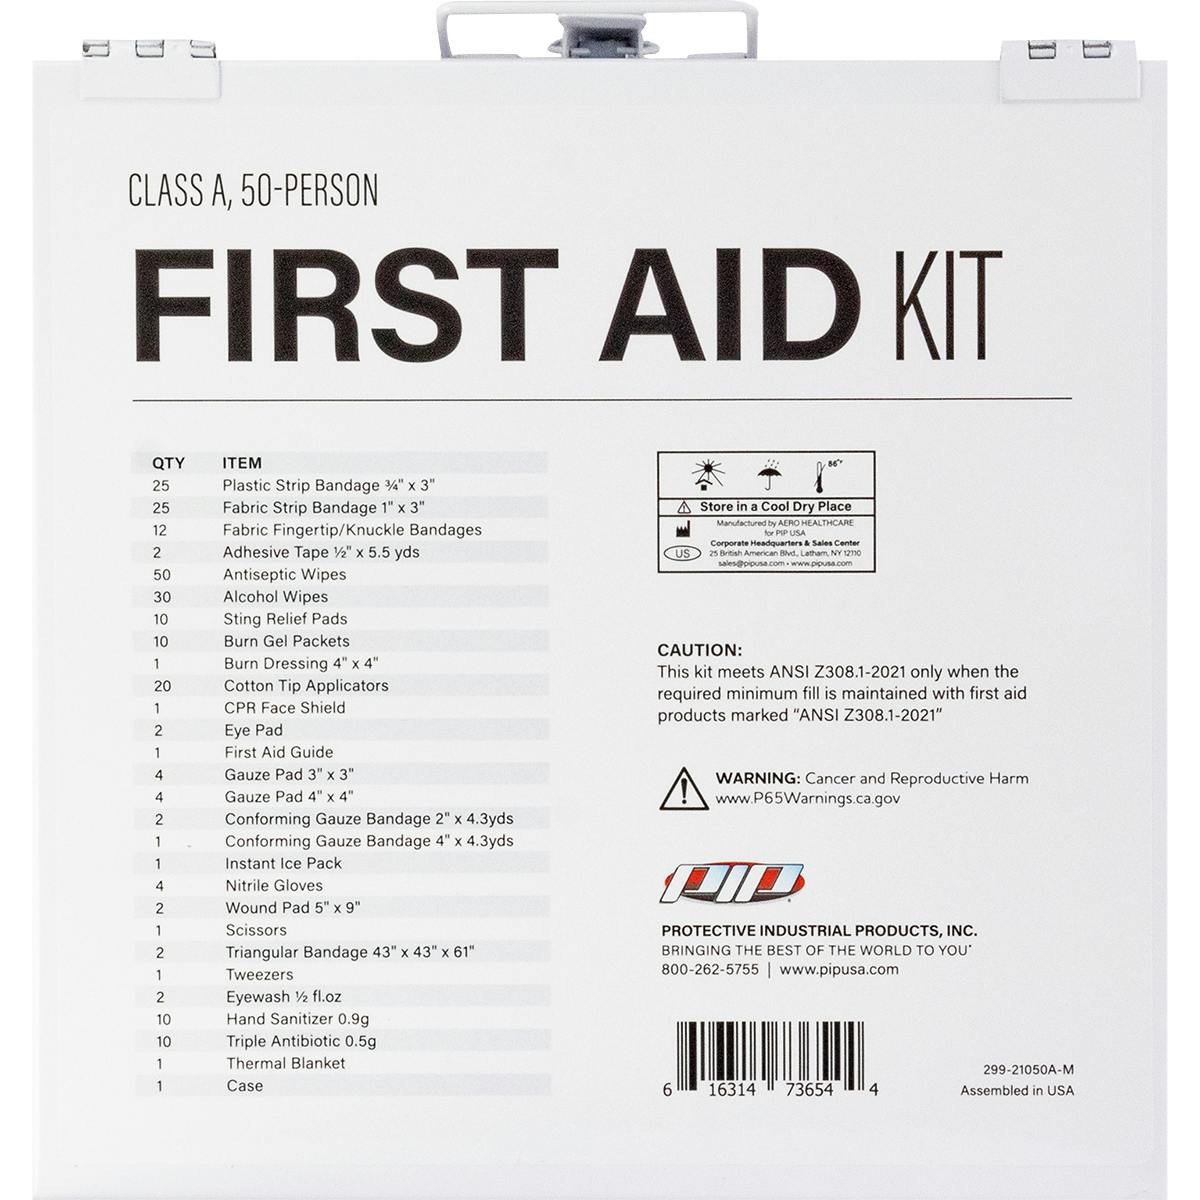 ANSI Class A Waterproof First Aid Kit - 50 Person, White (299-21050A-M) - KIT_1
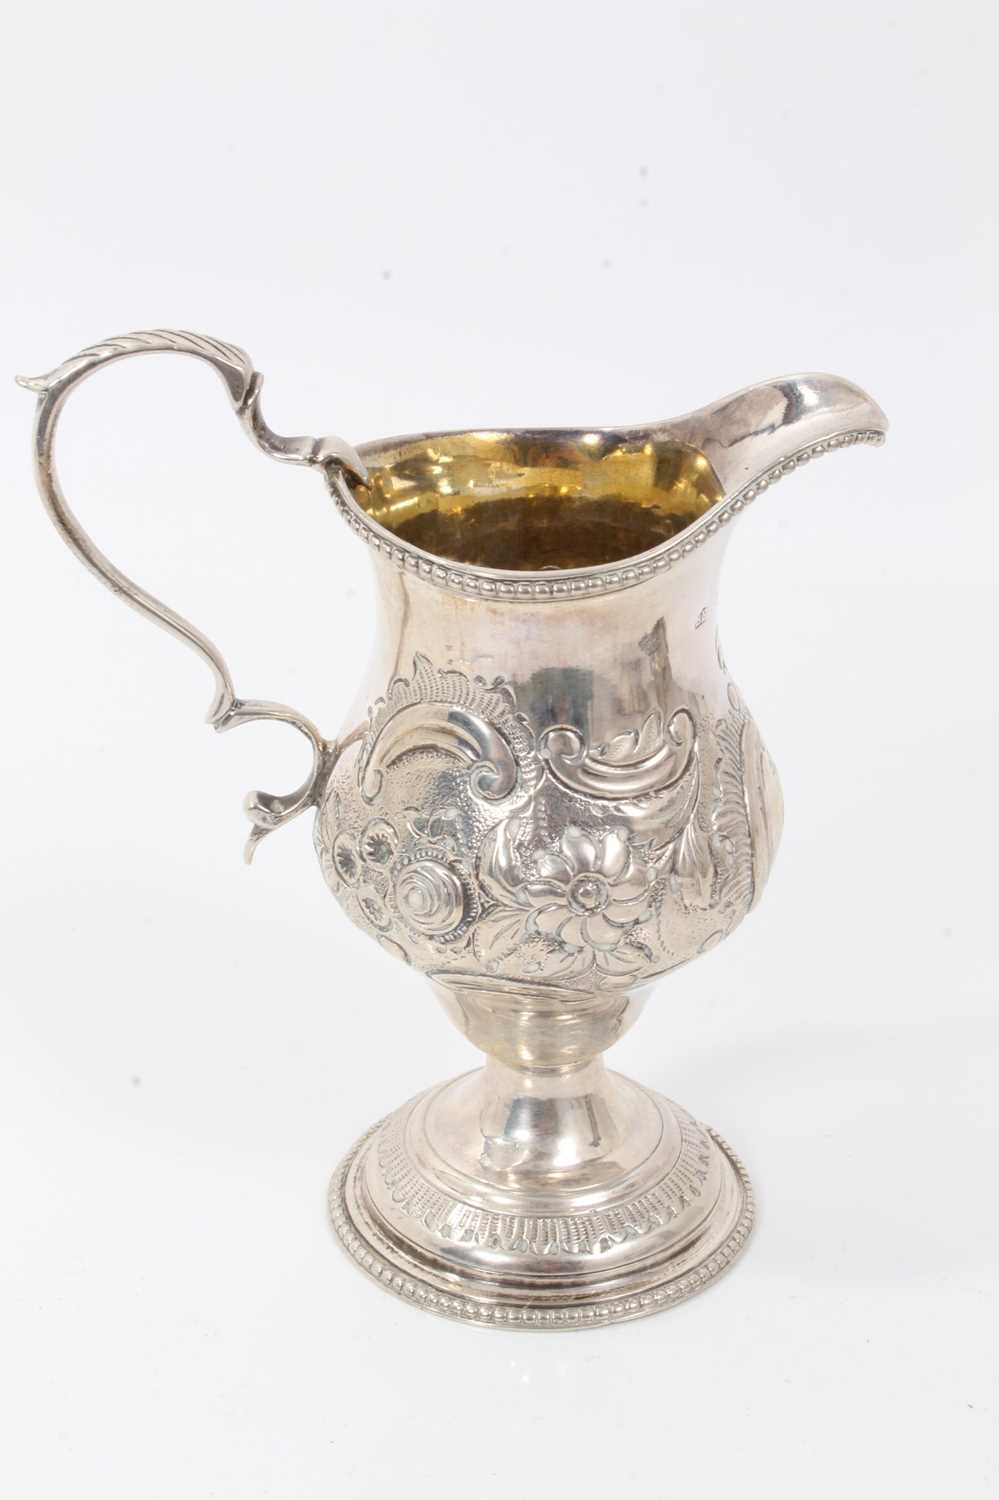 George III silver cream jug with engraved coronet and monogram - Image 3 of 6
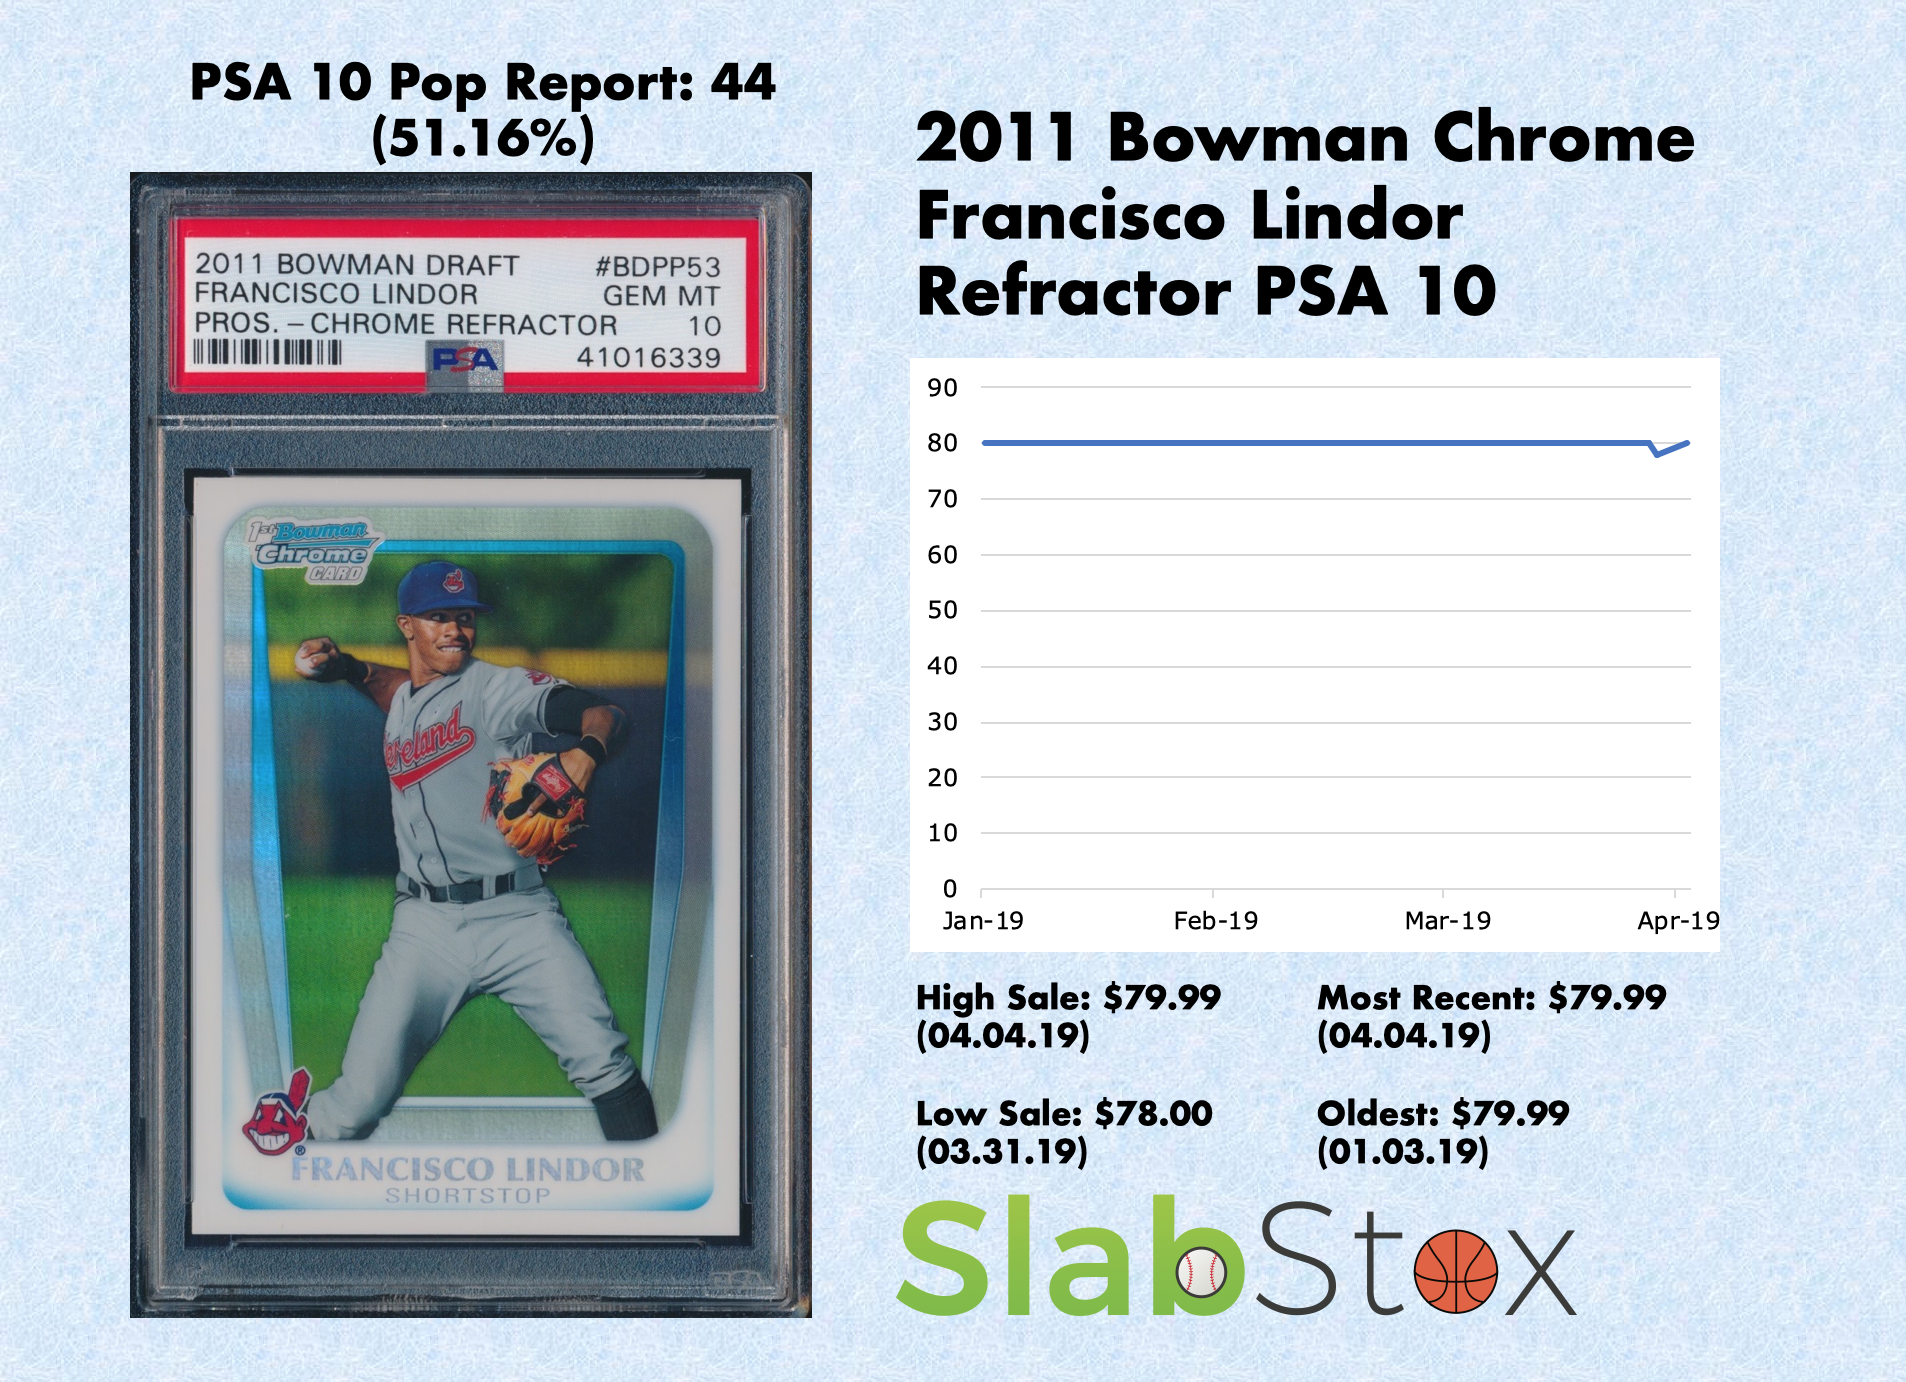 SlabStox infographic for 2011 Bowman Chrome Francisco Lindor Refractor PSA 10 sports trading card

» **TASK BRIEF**: I would like the data copied exactly as it stands, with no pictures included.

» **ANSWER SECTION**:
 ANSI Class A Waterproof First Aid Kit - 50 Person, White (299-21050A-M) - KIT_1
 George III silver cream jug with engraved coronet and monogram - Image 3 of 6
 SlabStox infographic for 2011 Bowman Chrome Francisco Lindor Refractor PSA 10 sports trading card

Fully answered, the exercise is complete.